2. A refrigerating apparatus according to claim 1, wherein the inverter device comprises:

a first substrate on a surface of which the shunt resistance is mounted and an opposite surface of which radiating fins are closely attached;

a second substrate on which a microcomputer that controls the switching element, a current detection circuit that processes a detection value detected by the shunt resistance, a driver circuit that causes the switching element to perform a switching operation, a connector for communication circuit/interface that communicates with a high-order control substrate, and a power circuit that supplies control power to the microcomputer, the current detection circuit, the driver circuit and the communication circuit are mounted; and

a case that covers sides of the first substrate, the case being provided with terminal blocks for electric power input and motor output;

wherein the first substrate and the second substrate are arranged in an order of the first substrate and the second substrate in a layered manner from a bottom surface of the case, the first substrate and the second substrate are connected to each other by a lead pin, and gel is filled on a surface of the first substrate on which a power semiconductor is mounted.

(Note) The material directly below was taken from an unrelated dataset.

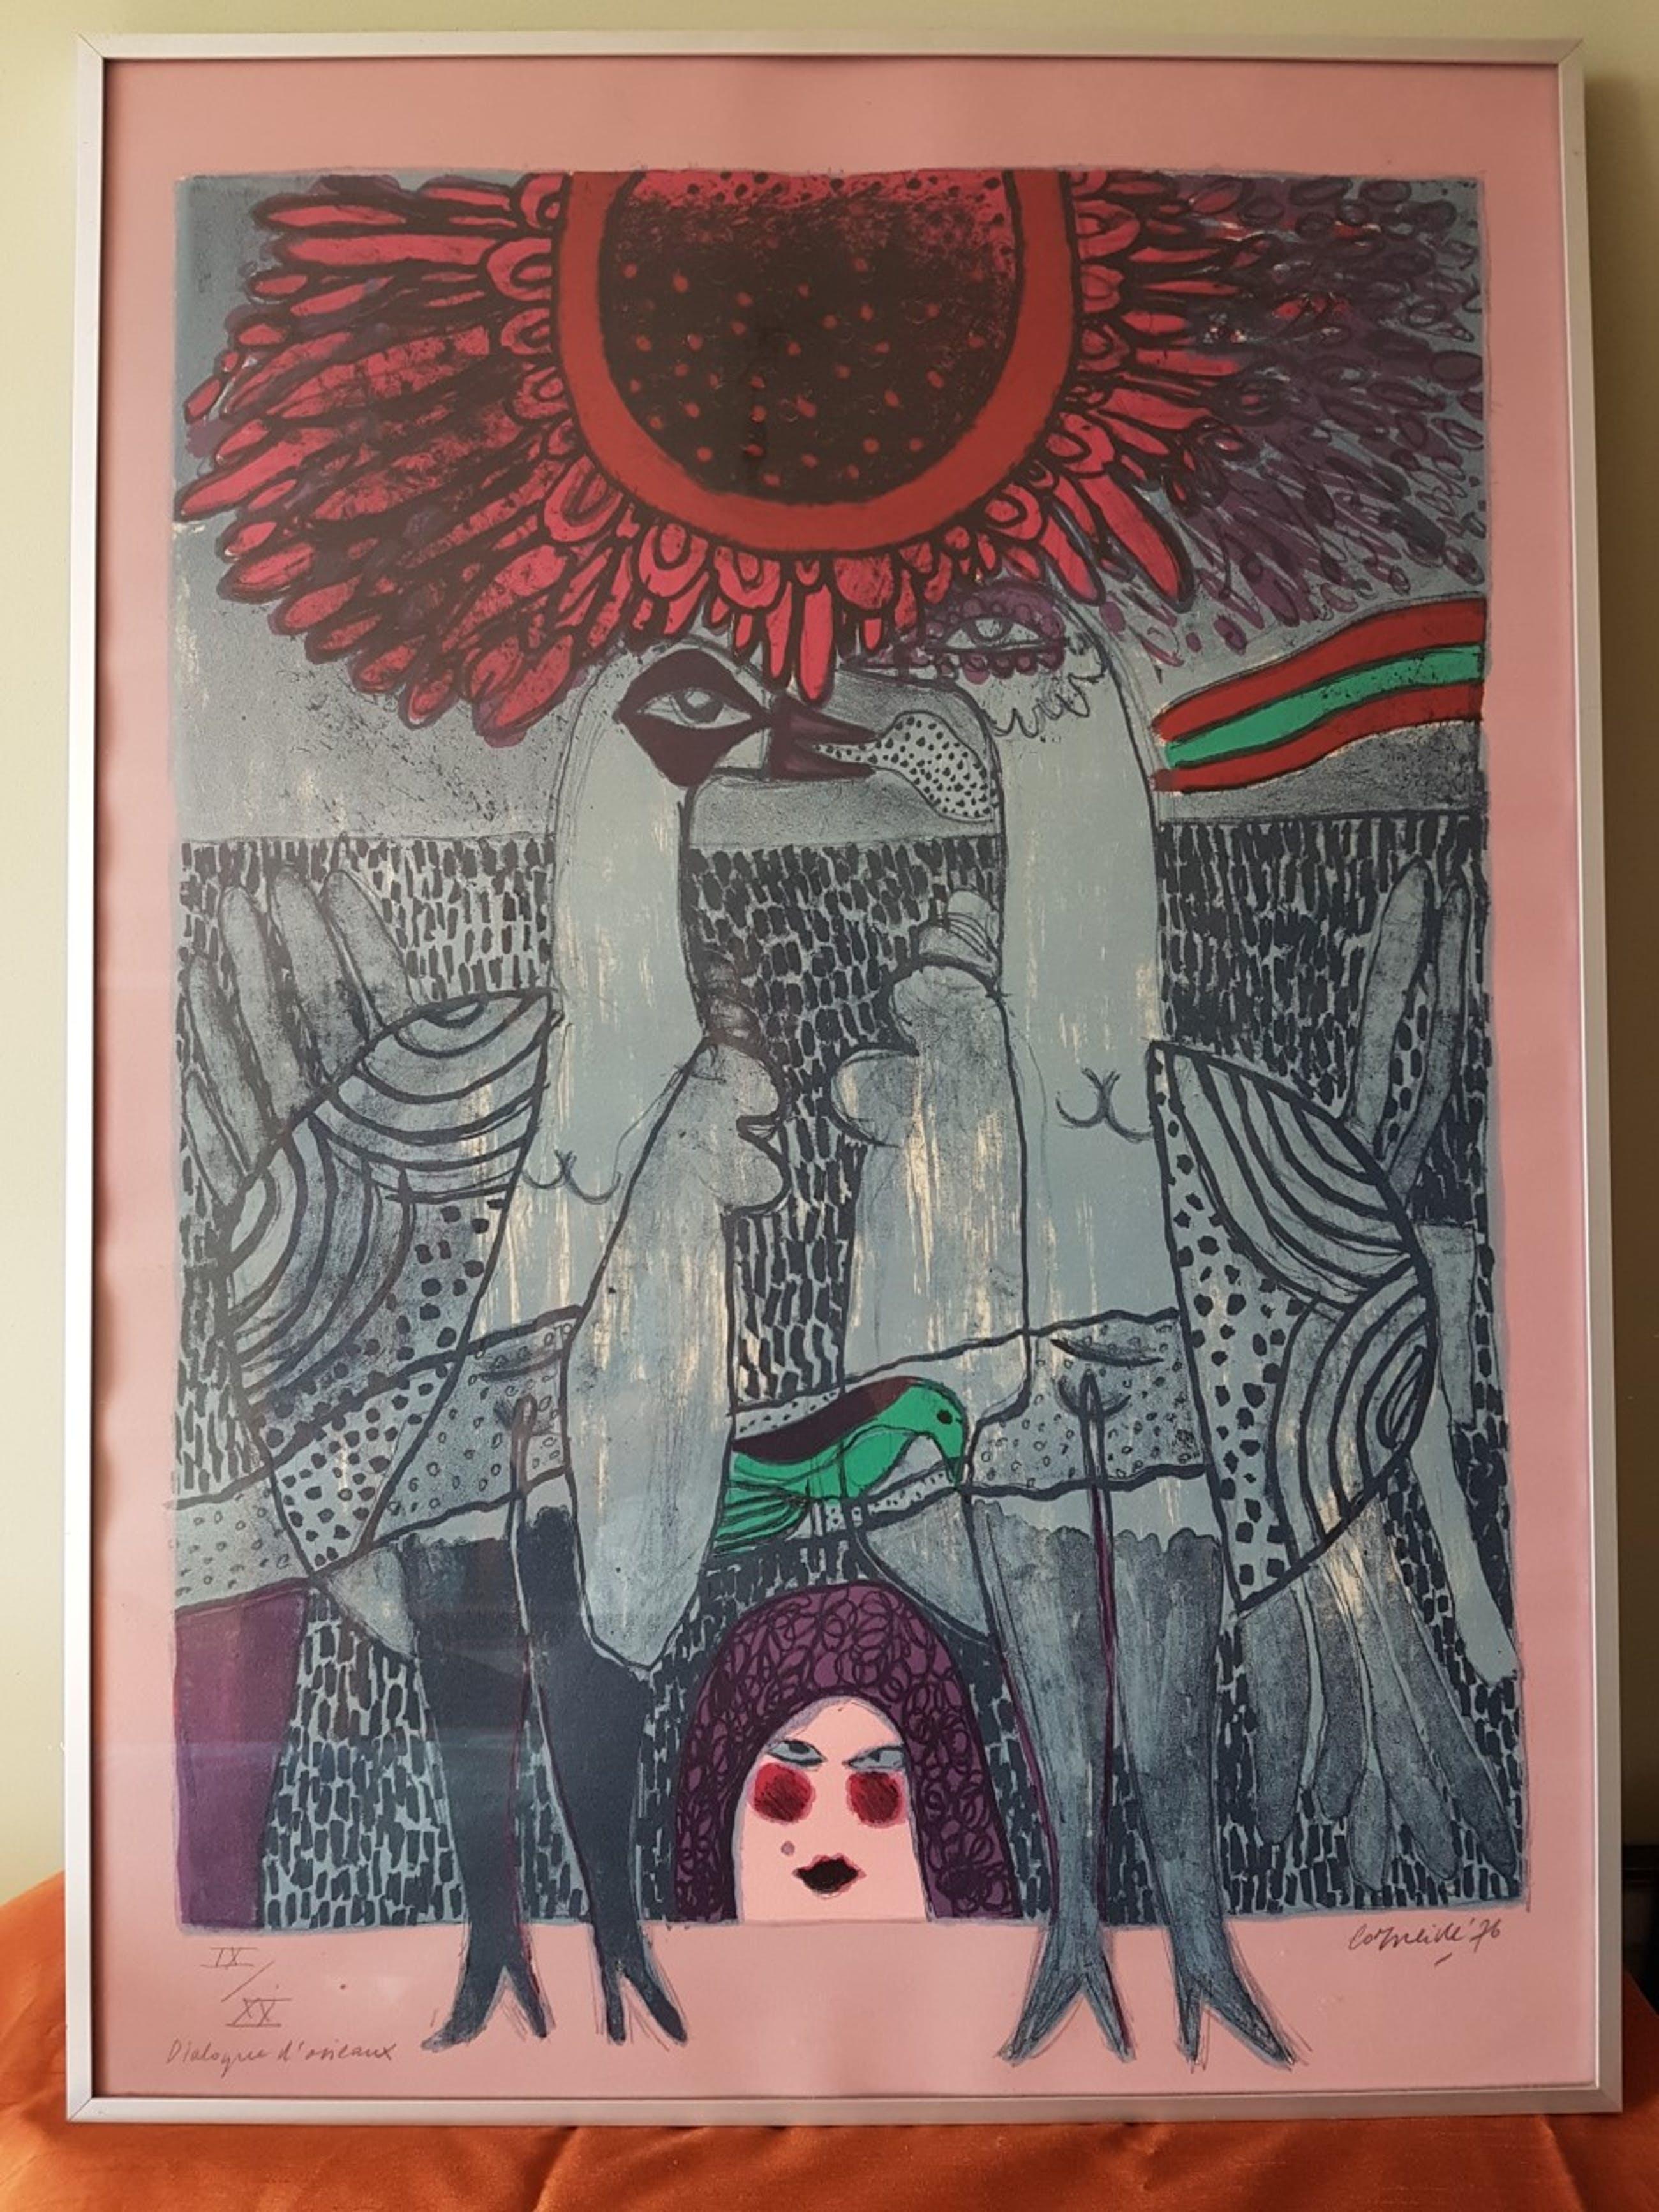 Corneille - 'Dialogue d'oiseaux' 1976 kopen? Bied vanaf 150!

3. A refrigerating apparatus according to claim 2, wherein the operating frequency is output to the high-order control substrate via the connector for interface.

4. A refrigerating apparatus according to claim 2, wherein refrigerating cycle information (temperature, pressure, opening degrees of expansion valves, rotating speeds of fans) is input into the microcomputer via the connector for interface, and the refrigerating cycle is controlled by the microcomputer.

5. A refrigerating apparatus according to claim 2, wherein a nonvolatile memory is arranged on the second substrate and data of detection gain of the shunt resistance are stored and retained in the nonvolatile memory.

6. A refrigerating apparatus according to claim 1, further comprising an active switching element that constitutes an active circuit, and a shunt resistance that detects an electric current of a single-phase power supply input, and a single-phase power supply is input into the converter circuit.

7. An inverter device that variably controls the operating frequency of an electric motor, the inverter device comprising a converter circuit that converts an A.C. voltage from an A.C. power supply into a D.C. current, an inverter circuit comprising a D.C./A.C converter, and a shunt resistance that detects a D.C. current flowing through a switching element of the inverter circuit, wherein a D.C. value detected by the shunt resistance is calculated as a sine wave A.C. current for the electric motor in relation to action of the switching element.

8. An inverter device according to claim 7, further comprising:

a first substrate on a surface of which the shunt resistance is mounted and on an opposite surface of which radiating fins are closely attached;

a second substrate on which a microcomputer that controls the switching element, a current detection circuit that processes a detection value detected by the shunt resistance, a driver circuit that causes the switching element to perform a switching operation, a connector for communication circuit/interface that communicates with a high-order control substrate, and a power circuit that supplies control power to the microcomputer, the current detection circuit, the driver circuit, and the communication circuit are mounted; and

a case that covers sides of the first substrate, the case being provided with terminal blocks for electric power input and motor output,

9. An inverter device according to claim 8, wherein a frequency change-over mechanism capable of changing and fixing the operating frequency of the compressor is mounted on the second substrate.

10. An inverter device according to claim 8, wherein a nonvolatile memory is arranged on the second substrate and data of detection gain of the shunt resistance are stored and retained in the nonvolatile memory.

11. An inverter device according to claim 7, further comprising an active switching element that constitutes an active circuit, and a shunt resistance that detects an electric current of a single-phase power supply input, and a single-phase power supply is input into the converter circuit.